Hobbes: Real when nobody is around or just imagined to real by Calvin?

I refuse to believe that G-d plays dice. :slight_smile:

Well it’s fiction of course, so interpretation is subjective. But if a six year old had an imaginary friend who consistently displayed far more intelligence and maturity than the kid had ever revealed -even once- I’d wonder what was up.

There was an old kids show made by the Lutheran church called Davey and Goliath: nobody other than Davey and the audience heard his dog Goliath talk. I suppose Goliath might be a product of Davey’s imagination - or rather his conscience - but I’d rather think of him as an anthropomorphic talking conscience disguised as a dog. More ambiguity in that case though, IMHO.

I didn’t read all of the answers because the answer is clear: Hobbes is real. At least to me and Calvin. YMMV.

Yep.

I want to see proof that Hobbes is smarter than Calvin. First off, Calvin is pretty dadblasted smart, commenting on things he shouldn’t know at his age. Secondly, I mostly remember Hobbes sounding smart but being hilariously wrong.

Big T, I seem to remember that too. Was he trolling? Memory is fuzzy, but I seem to remember him being honestly wrong, but often trying to cover it up. I think Calvin was definitely smarter.

Well, that’s kinda the point of the thread - the answer is NOT clear. By skipping everyone else’s answers you miss some interesting theory and observation. I still believe he is imaginary, but I appreciate the subtle ambiguity of the strip.

To me, the strip is about an incredibly bright kid with a big imagination. If others believe it is a strip about a kid with a Phouka, well it works that way, too.

It’s like, is Mr Ed a funny show about a smart aleky talking horse, or a depressing show about a guy with untreated schizophrenia? Does Jon know what Garfield is thinking, or is it all coincidence?

Mars is amaaaazing…

:slight_smile:

RE: The OP

It doesn’t matter. The cartoon is written from Calvin’s point of view, so real or not, Hobbes is real to him.

But does he play Calvinball?

She makes up the rules to everything as She goes along.

My original comment actually mentioned this. The problem with any evidence that Hobbes is “real” is that we see everything through Calvin’s eyes. Anything that could prove Hobbes is real could also be imaginary.

The sole exception is if Hobbes can actually be shown to be smarter than Calvin. That’s the only way we can tell if Hobbes has an existence outside of Calvin’s mind (which is what I assume “real” means in the context of this thread.) And even that’s based on the idea that Calvin doesn’t sometimes choose to believe against what he actually knows.

I’m actually leaning towards him not being real, because every work I can think of that has phoocas* explicitly states the folklore.

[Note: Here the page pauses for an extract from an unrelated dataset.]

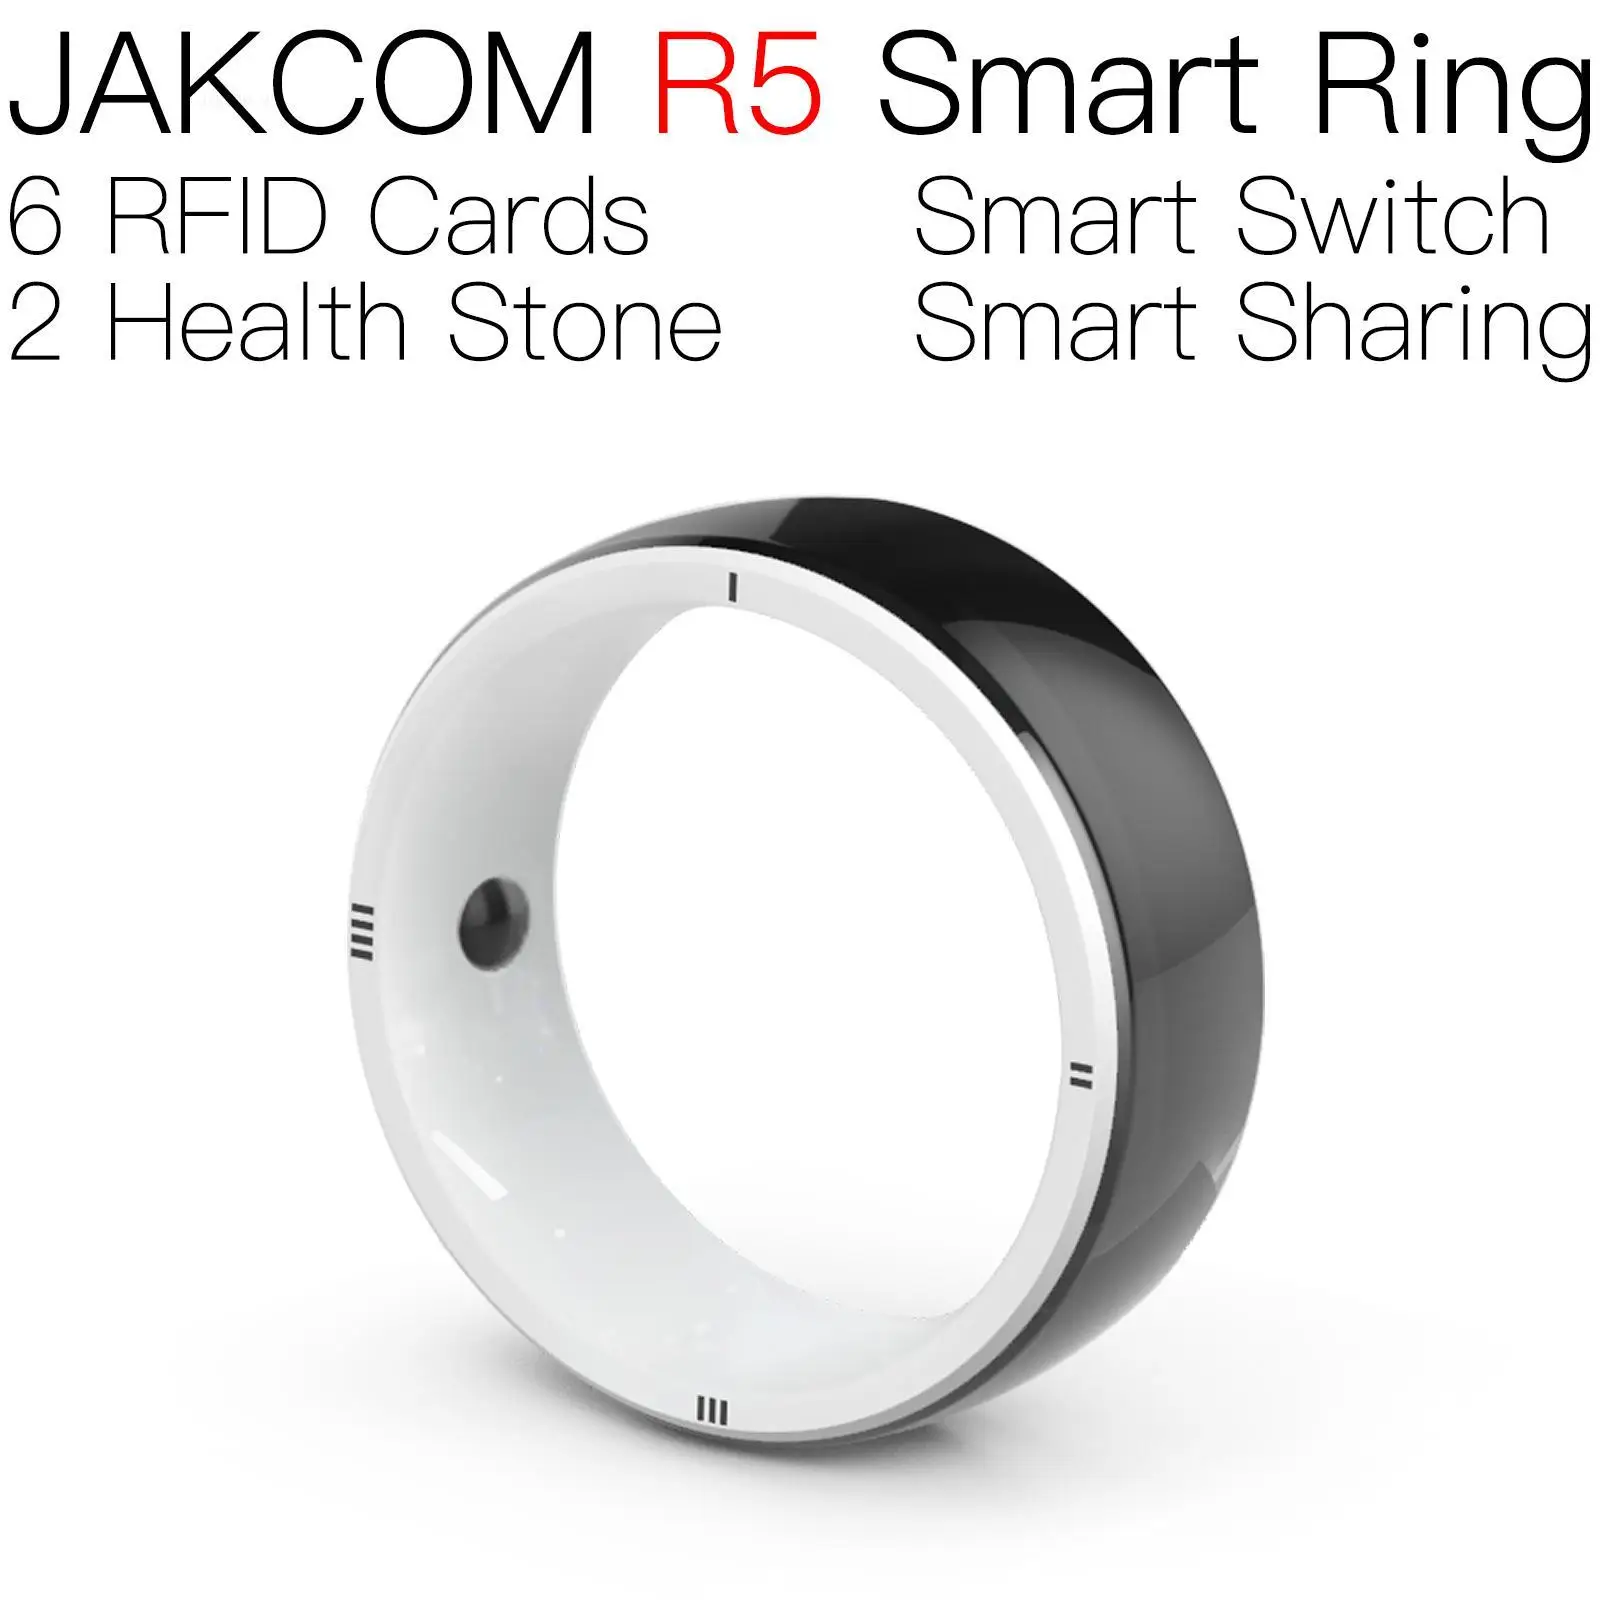 

JAKCOM R5 Smart Ring Newer than phones smart touch taghauer watch infinity figuras peter pan iso15693 pos nfs nfc

And there is an assumption that a work is like reality except where explicitly contradicted. Thus, by leaving it up to the audience, Waterson inadvertently defaulted to Hobbes’s existence being purely in Calvin’s imagination.

The good-natured “debate” in this thread says a lot about the brilliance of Watterson’s strip.
Sez me.

Who ate the cookies? Not Susie, not Calvin. Is then, Susie Derkins bunny real?

Example, Hobbes on imaginary numbers.

Yes, but Calvin’s folks find him (tied up in the chair for example) after the fact. There are more things in heaven and earth, Horatio, Than are dreamt of in your philosophy…

Hobbes said that Mr. Bun was comatose.

To tell the truth, my initial reading was that it was Calvin. The idea of it being Hobbes didn’t cross my mind until this thread. That third panel is ambiguous, both on where Calvin is standing and on whether Suzie handed Hobbes to him or if Calvin went and got him.

I assumed he went and got him, and then used the whole kissing thing as a distraction as he stole the cookies. I admit that’s more in character for Dennis the Menace than Calvin, though, so it’s a bit unsatisfying. But it does fit Hobbes’s character, and if Hobbes is completely imaginary, then that means his character is also a part of Calvin’s.

Plus, as I said, since we see the whole comic through Calvin’s eyes, it’s possible that Suzie’s line was also imaginary, what Calvin thinks would have happened if Hobbes were real. This might seem too complicated, but we have to realize the that author stated he made it ambiguous, and it wouldn’t be any ambiguity if there’s any actual proof one way or the other.

Of course, there’s always the option that he was not actually saying it was ambiguous–I don’t know the exact words he said. Perhaps he made Hobbes real but wanted people to have to find that out for themselves. All I can say to that theory is that it isn’t how I’ve seen that work in any other story with magical creatures.

Calvin sneakily scrambled the cookies into his pockets at some point during the interaction. I think that is the joke of the strip, that even though he appears nice to Susie for once (and is), he still took the cookies.

When no one’s around Calvin imagines Hobbes is a real tiger, but he’s actually Tyler Durden.